## What to do
Retype all of the data word for word, without pictures.

## Supplied data

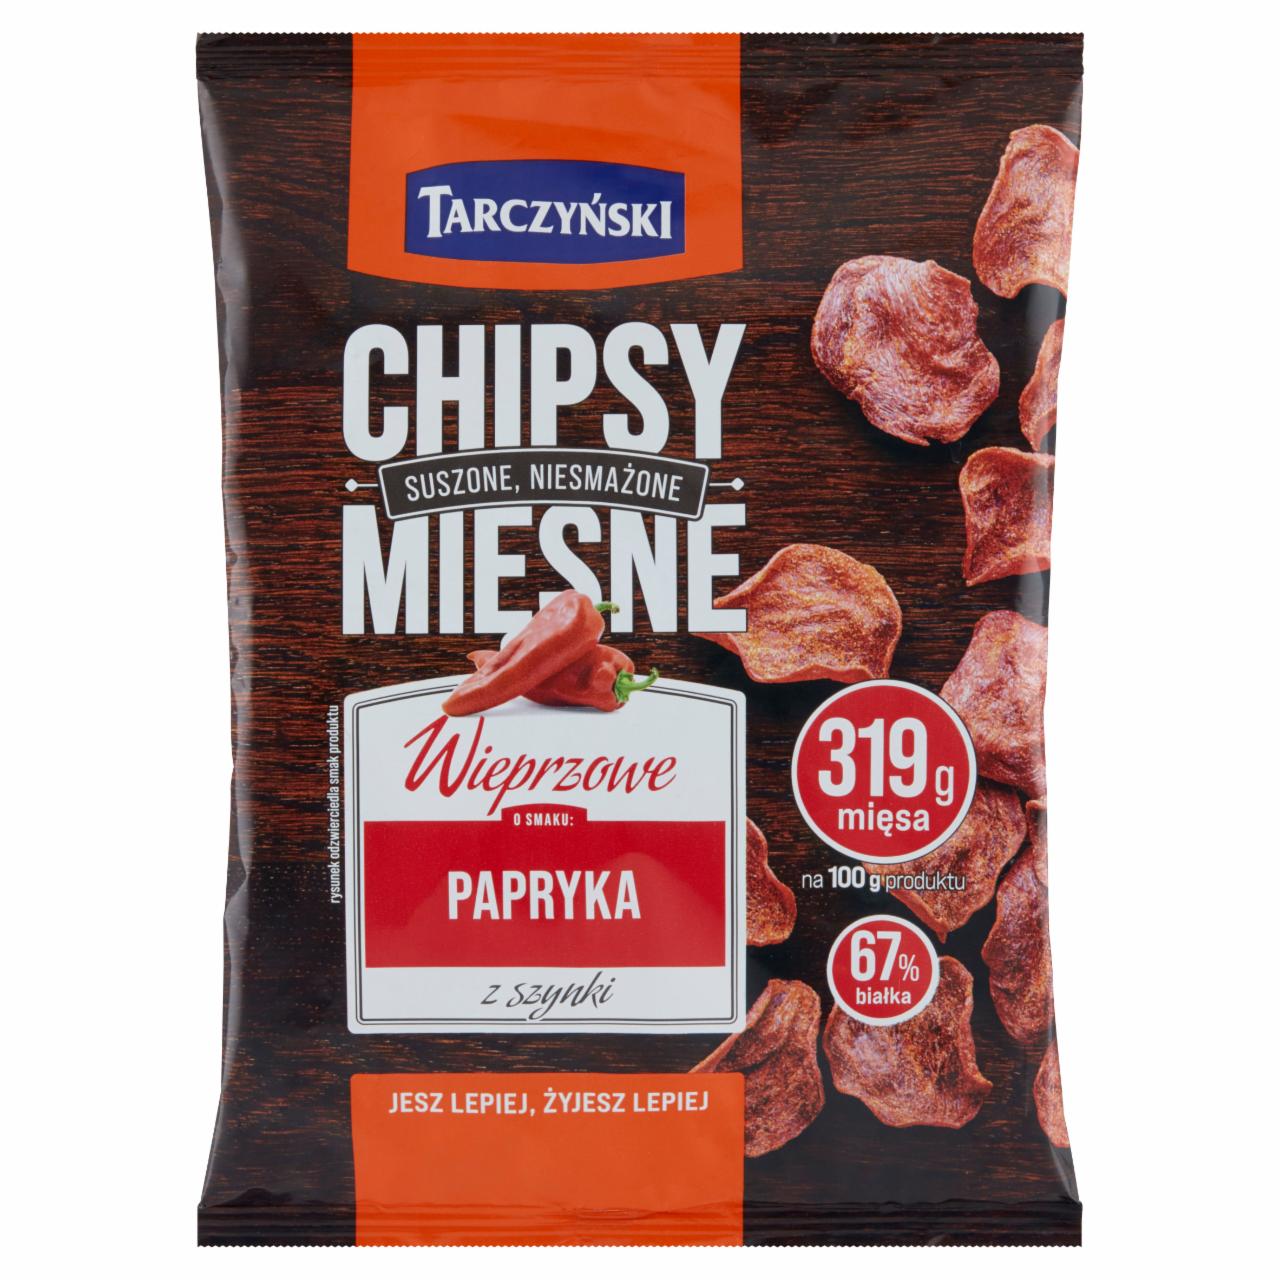 Zdjęcia - Chipsy mięsne wieprzowe papryka z szynką Tarczyński
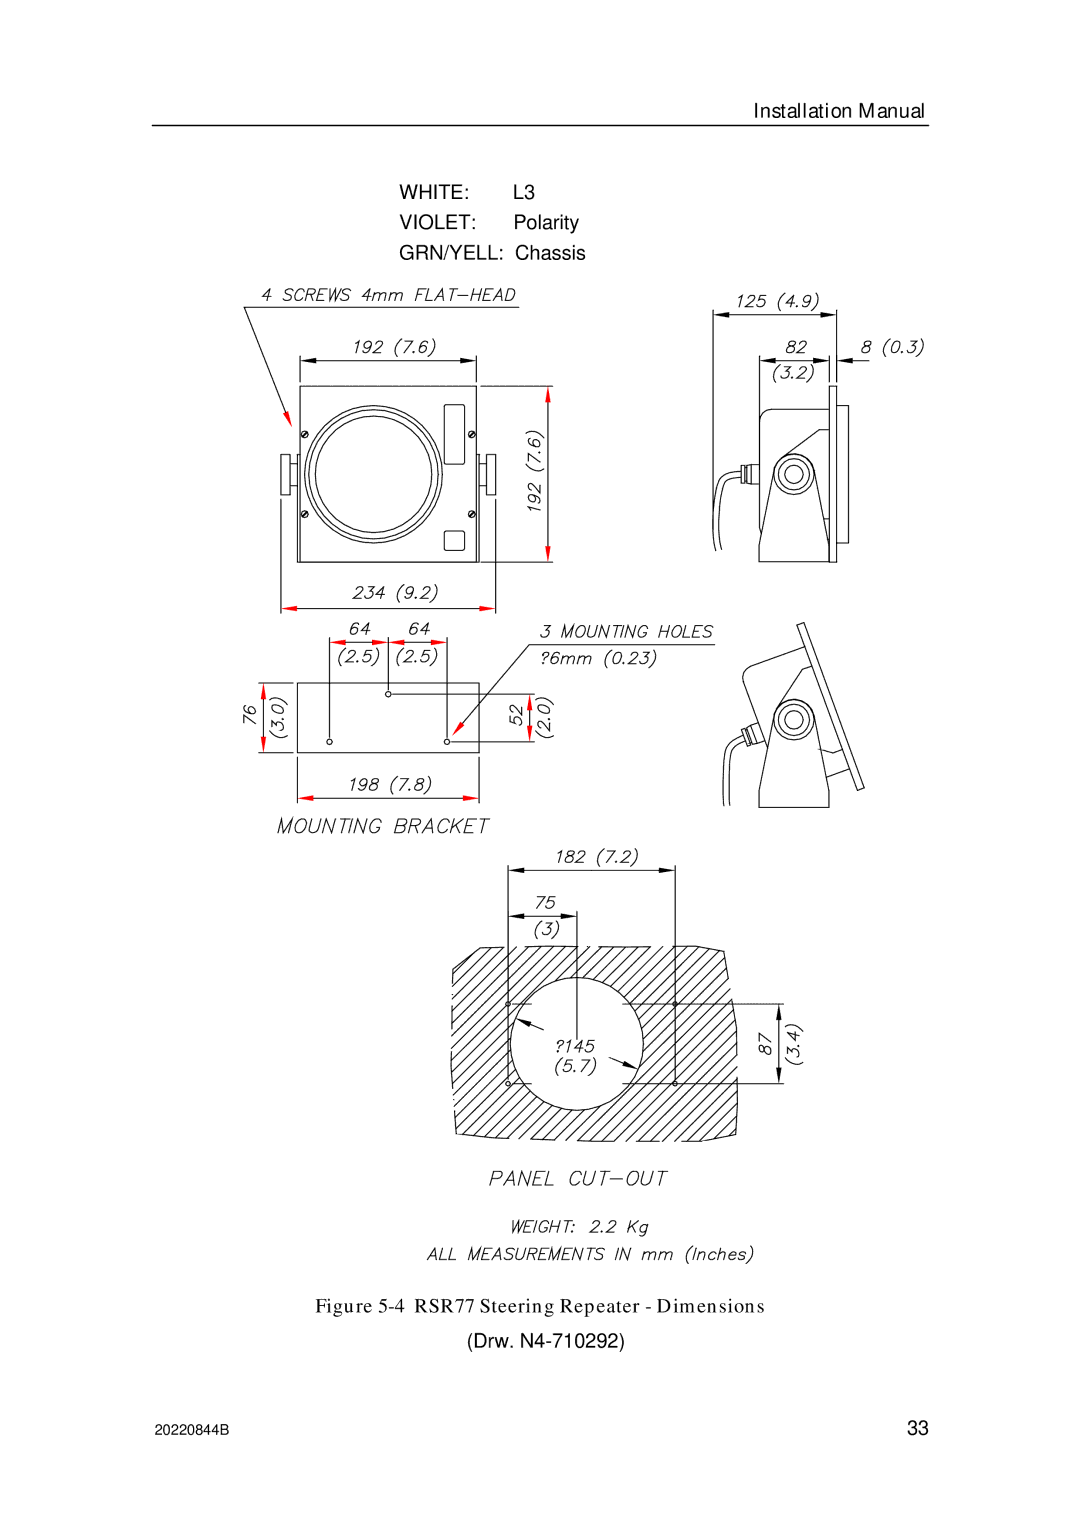 Simrad RGC12 manual RSR77 Steering Repeater Dimensions 
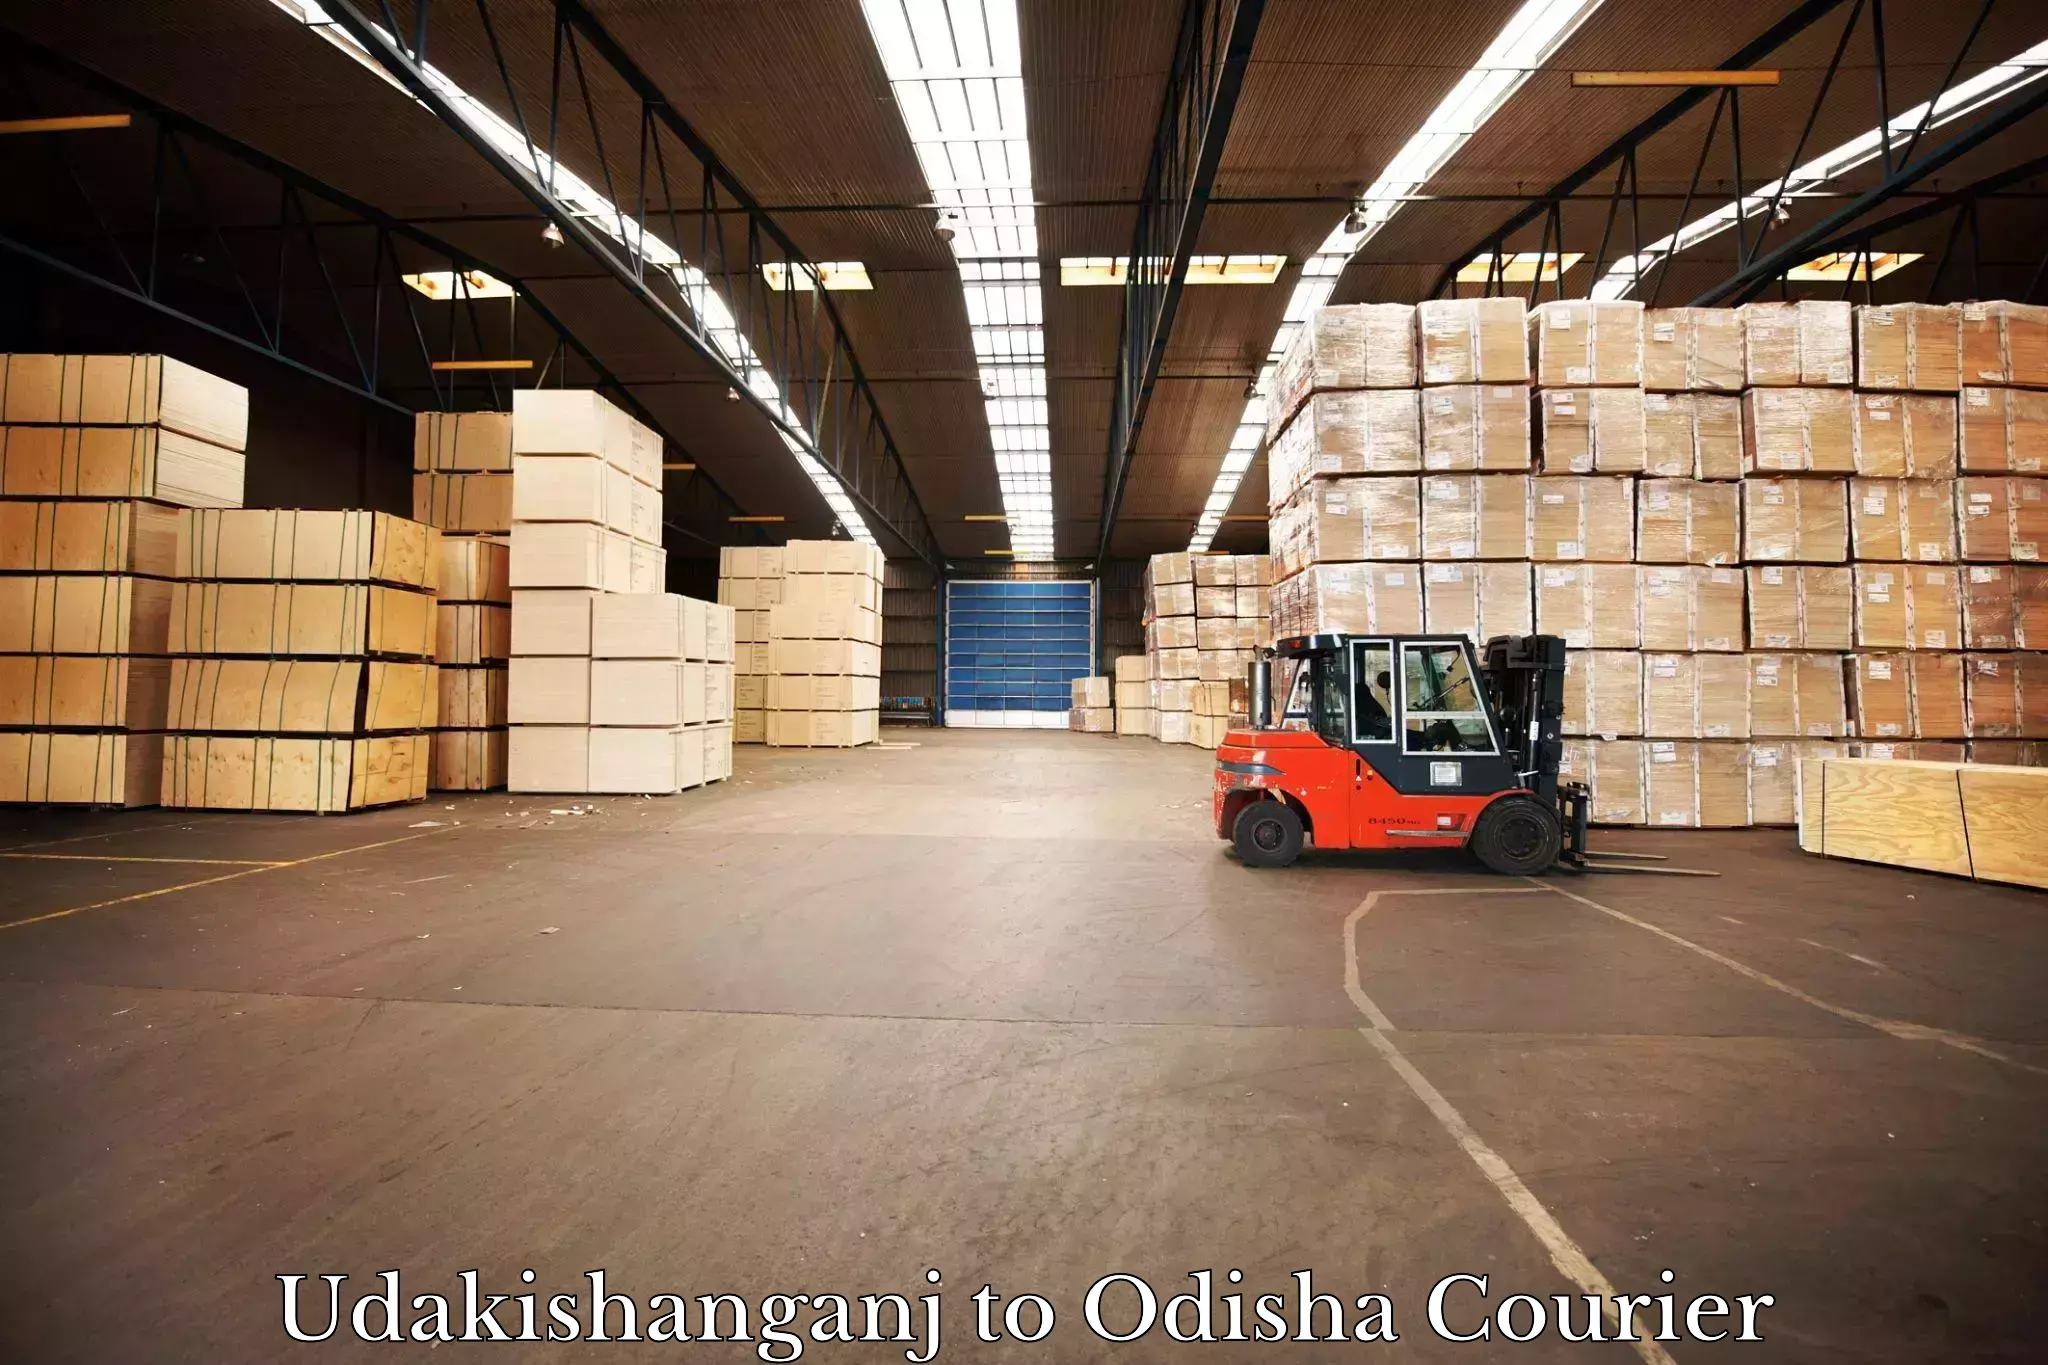 Global freight services Udakishanganj to Odisha

## Exercise answer
 Zdjęcia - Chipsy mięsne wieprzowe papryka z szynką Tarczyński
 Simrad RGC12 manual RSR77 Steering Repeater Dimensions 
 Global freight services Udakishanganj to Odisha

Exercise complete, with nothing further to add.